Where, $ D $ is the determinant of the matrix that consists of the coefficients of the variables in the equations
$ D=$ $\left| \begin{matrix}
1 & 1 & 1 \\
3 & 4 & -7 \\
2 & -1 & 3 \\
\end{matrix} \right|$
${{D}_{x}}$, acts as determinant in the numerator which is obtained by replacing the x coefficient in D with the right side of the equation having the constants.
${{D}_{x}}=$ $\left| \begin{matrix}
6 & 1 & 1 \\
1 & 4 & -7 \\
5 & -1 & 3 \\
\end{matrix} \right|$
${{D}_{y}}$, acts as determinant in the numerator which is obtained by replacing the y coefficient in D with the right side of the equation having the constants.

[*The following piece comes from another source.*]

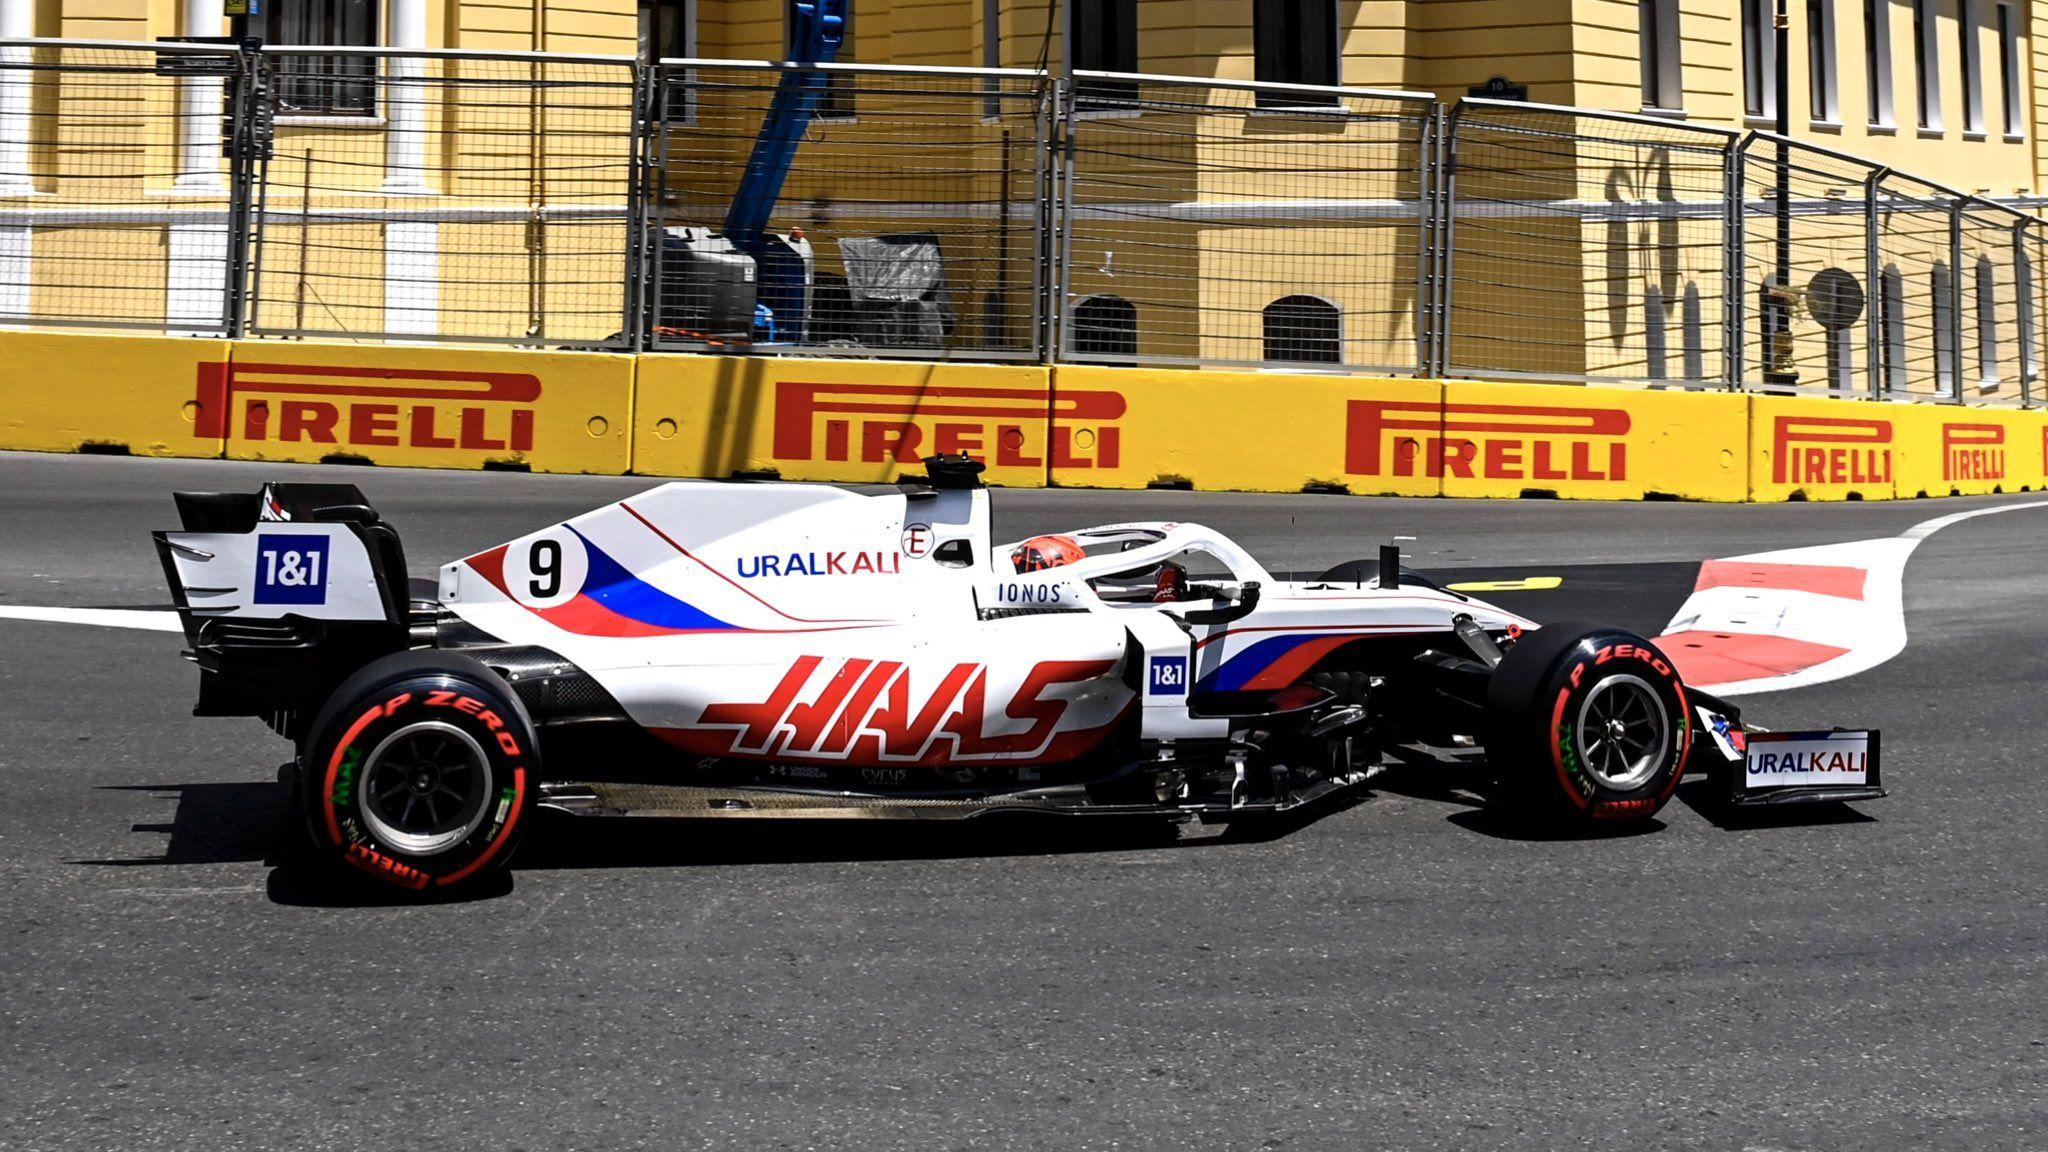 Nikita Mazepin, Haas, F1

${{D}_{y}}=$ $\left| \begin{matrix}
1 & 6 & 1 \\
3 & 1 & -7 \\
2 & 5 & 3 \\
\end{matrix} \right|$
${{D}_{z}}$, acts as determinant in the numerator which is obtained by replacing the z coefficient in D with the right side of the equation having the constants.

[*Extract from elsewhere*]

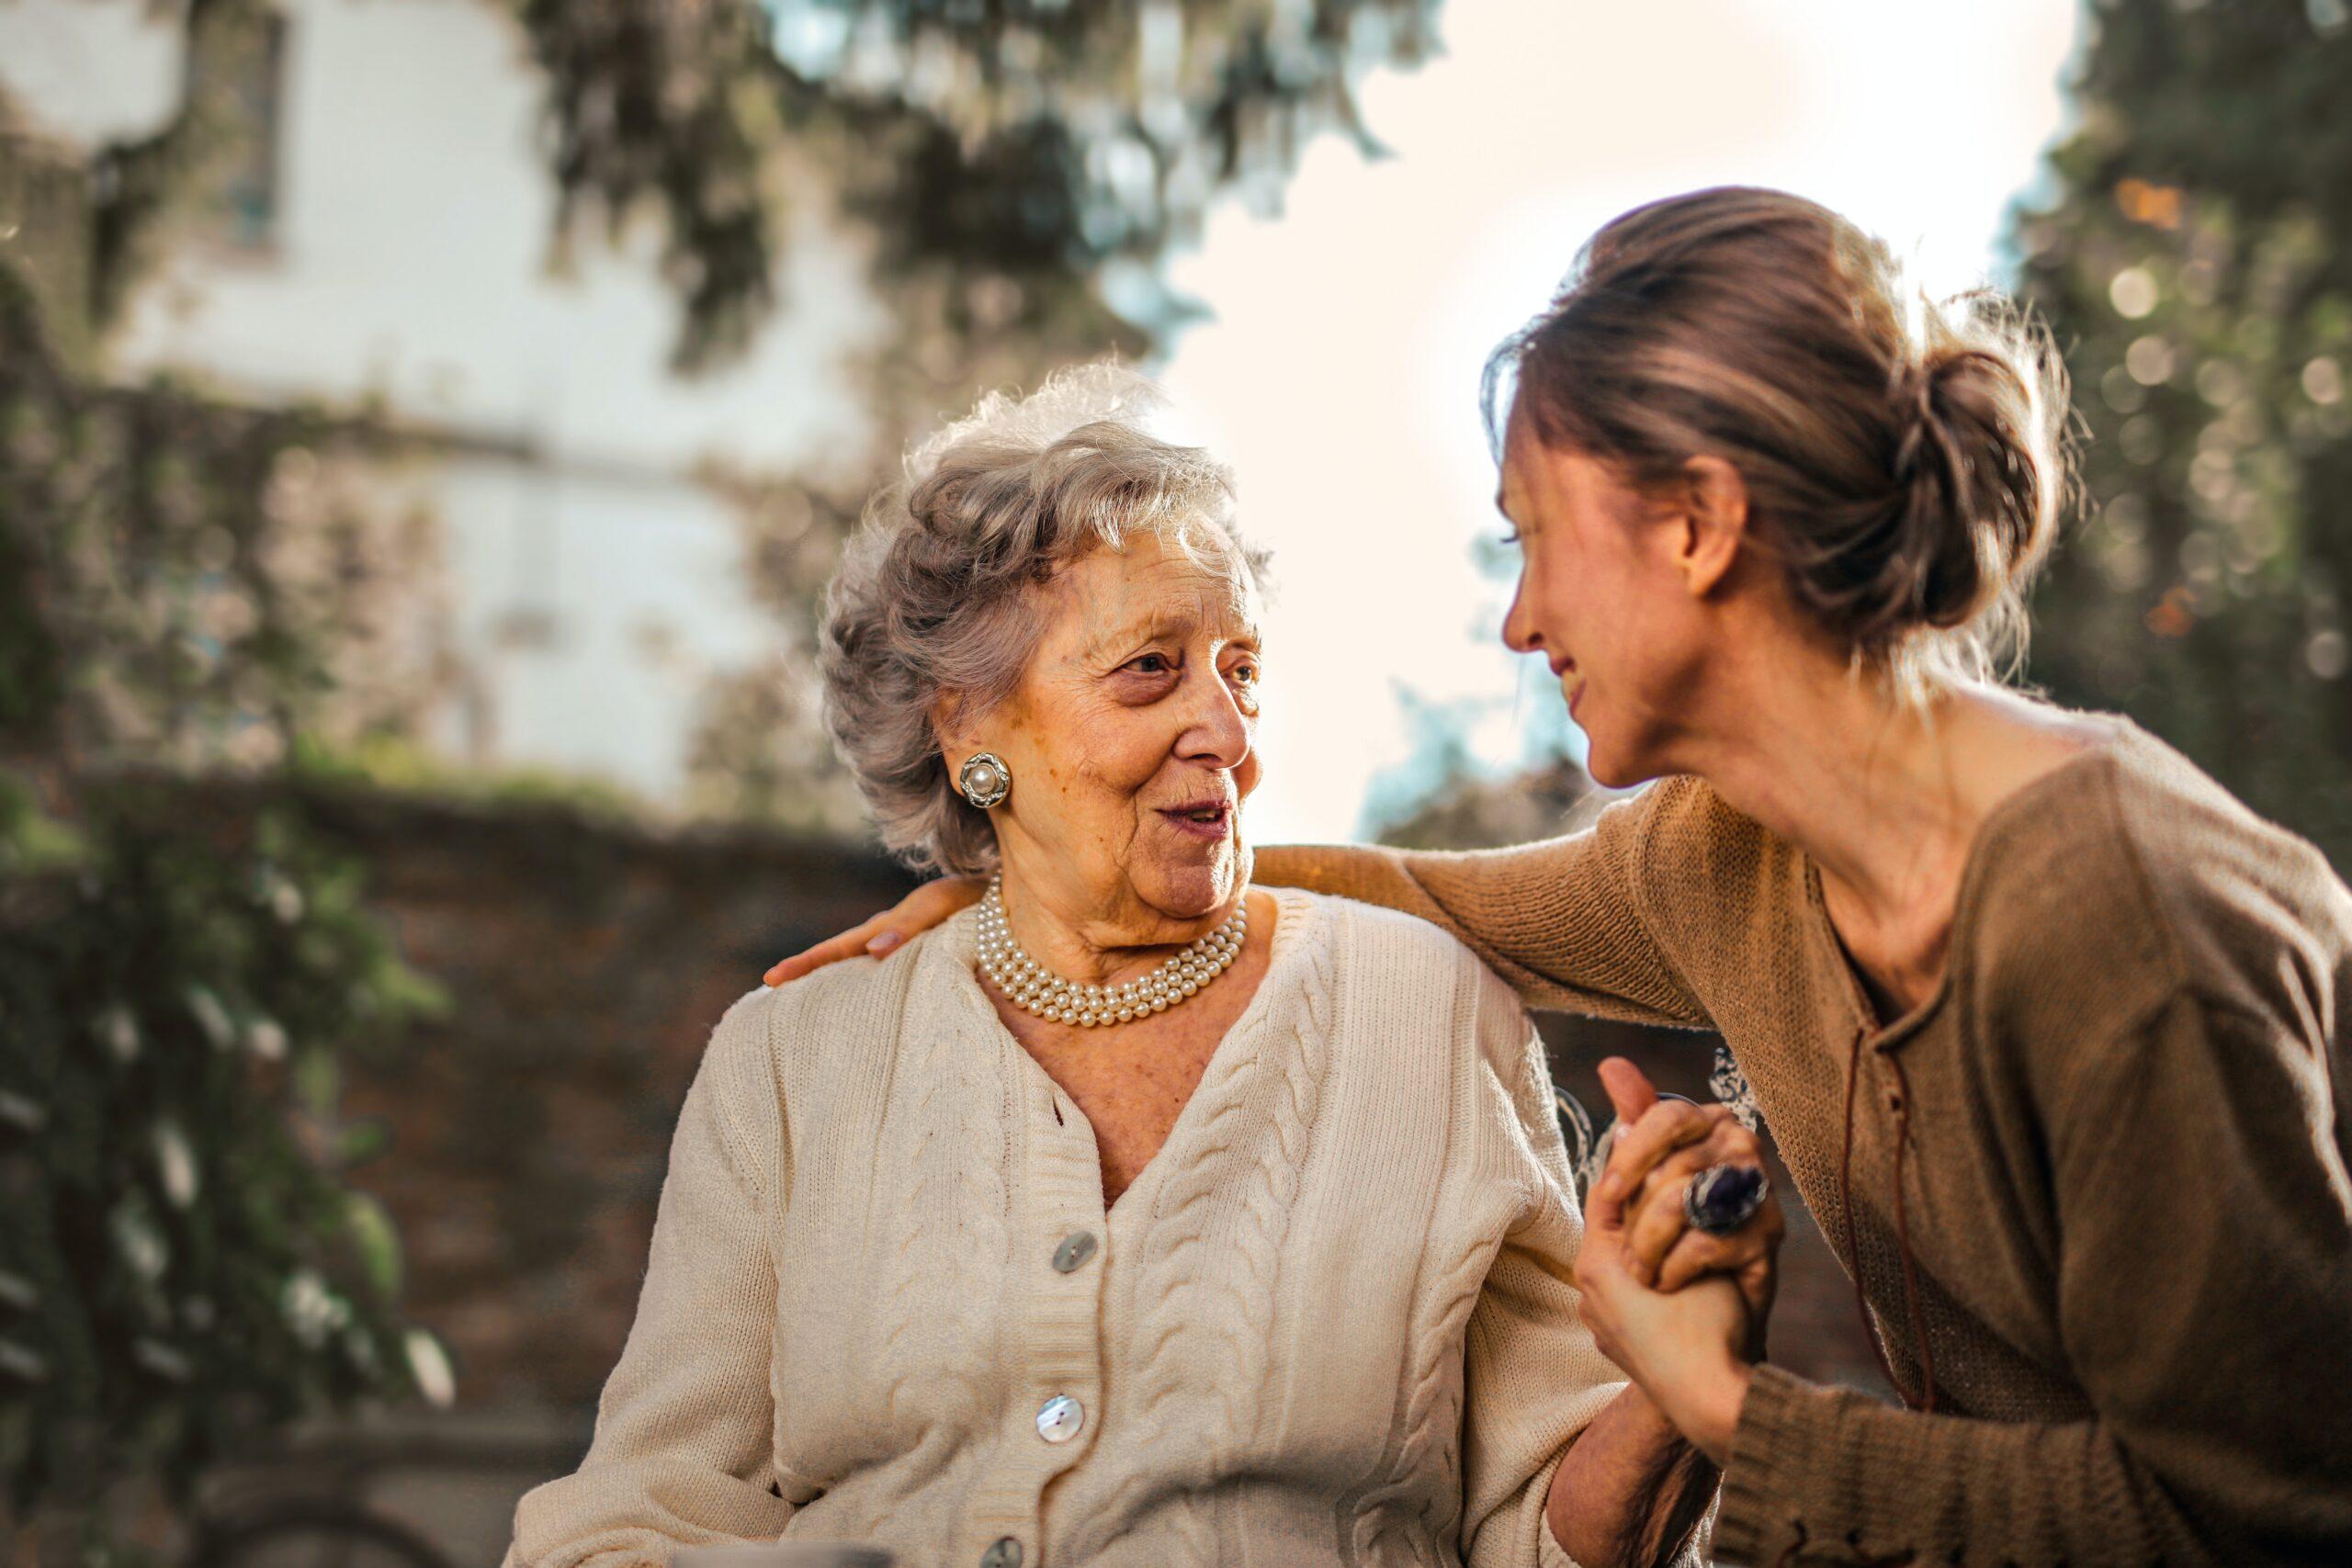 Deterioro cognitivo leve: detección y algunas claves para la intervención

${{D}_{z}}=$ $\left| \begin{matrix}
1 & 1 & 6 \\
3 & 4 & 1 \\
2 & -1 & 5 \\
\end{matrix} \right|$.
Solve the four determinants and compute the value of D as given below:
$\begin{align}
& D=\left| \begin{matrix}
1 & 1 & 1 \\
3 & 4 & -7 \\
2 & -1 & 3 \\
\end{matrix} \right| \\
& =1\left\{ 4\left( 3 \right)-\left( \left( -1 \right)\left( -7 \right) \right) \right\}-1\left\{ 3\left( 3 \right)-2\left( -7 \right) \right\}+1\left\{ 3\left( -1 \right)-2\left( 4 \right) \right\} \\
& =\left( 12-7 \right)-\left( 9+14 \right)+\left( -3-8 \right) \\
& =5-23-11 \\
& =-29
\end{align}$
Compute the value of ${{D}_{x}}$ as given below:
$\begin{align}
& {{D}_{x}}=\left| \begin{matrix}
6 & 1 & 1 \\
1 & 4 & -7 \\
5 & -1 & 3 \\
\end{matrix} \right| \\
& =6\left\{ 4\left( 3 \right)-\left( -1 \right)\left( -7 \right) \right\}-1\left( 1\left( 3 \right)-5\left( -7 \right) \right)+1\left( 1\left( -1 \right)-5\left( 4 \right) \right) \\
& =6\left( 12-7 \right)-\left( 3+35 \right)+\left( -1-20 \right) \\
& =30-38-21 \\
& =-29
\end{align}$
Compute the value of ${{D}_{y}}$ as given below:
$\begin{align}
& {{D}_{y}}=\left| \begin{matrix}
1 & 6 & 1 \\
3 & 1 & -7 \\
2 & 5 & 3 \\
\end{matrix} \right| \\
& =1\left\{ 1\left( 3 \right)-5\left( -7 \right) \right\}-6\left\{ 3\left( 3 \right)-2\left( -7 \right) \right\}+1\left( 3\left( 5 \right)-2\left( 1 \right) \right) \\
& =\left( 3+35 \right)-6\left( 9+14 \right)+\left( 15-2 \right) \\
& =38-138+13 \\
& =-87
\end{align}$
Compute the value of ${{D}_{z}}$ as given below:
$\begin{align}
& {{D}_{z}}=\left| \begin{matrix}
1 & 1 & 6 \\
3 & 4 & 1 \\
2 & -1 & 5 \\
\end{matrix} \right| \\
& =1\left\{ 4\left( 5 \right)-\left( -1 \right)\left( 1 \right) \right\}-1\left\{ 3\left( 5 \right)-2\left( 1 \right) \right\}+6\left\{ 3\left( -1 \right)-2\left( 4 \right) \right\} \\
& =\left( 20+1 \right)-\left( 15-2 \right)+6\left( -3-8 \right) \\
& =21-13-66 \\
& =-58
\end{align}$
Put the values in the formula $ x=\frac{{{D}_{x}}}{D}$, $ y=\frac{{{D}_{y}}}{D}$, $ z=\frac{{{D}_{z}}}{D}$ to solve for x, y, and z as given below:
$\begin{align}
& x=\frac{{{D}_{x}}}{D} \\
& =\frac{-29}{-29} \\
& =1
\end{align}$
$\begin{align}
& y=\frac{{{D}_{y}}}{D} \\
& =\frac{-87}{-29} \\
& =3
\end{align}$
Then,
$\begin{align}
& z=\frac{{{D}_{z}}}{D} \\
& =\frac{-58}{-29} \\
& =2
\end{align}$
Thus, the solution of the system of equations is $\left( x,y,z \right)=\left( 1,3,2 \right)$.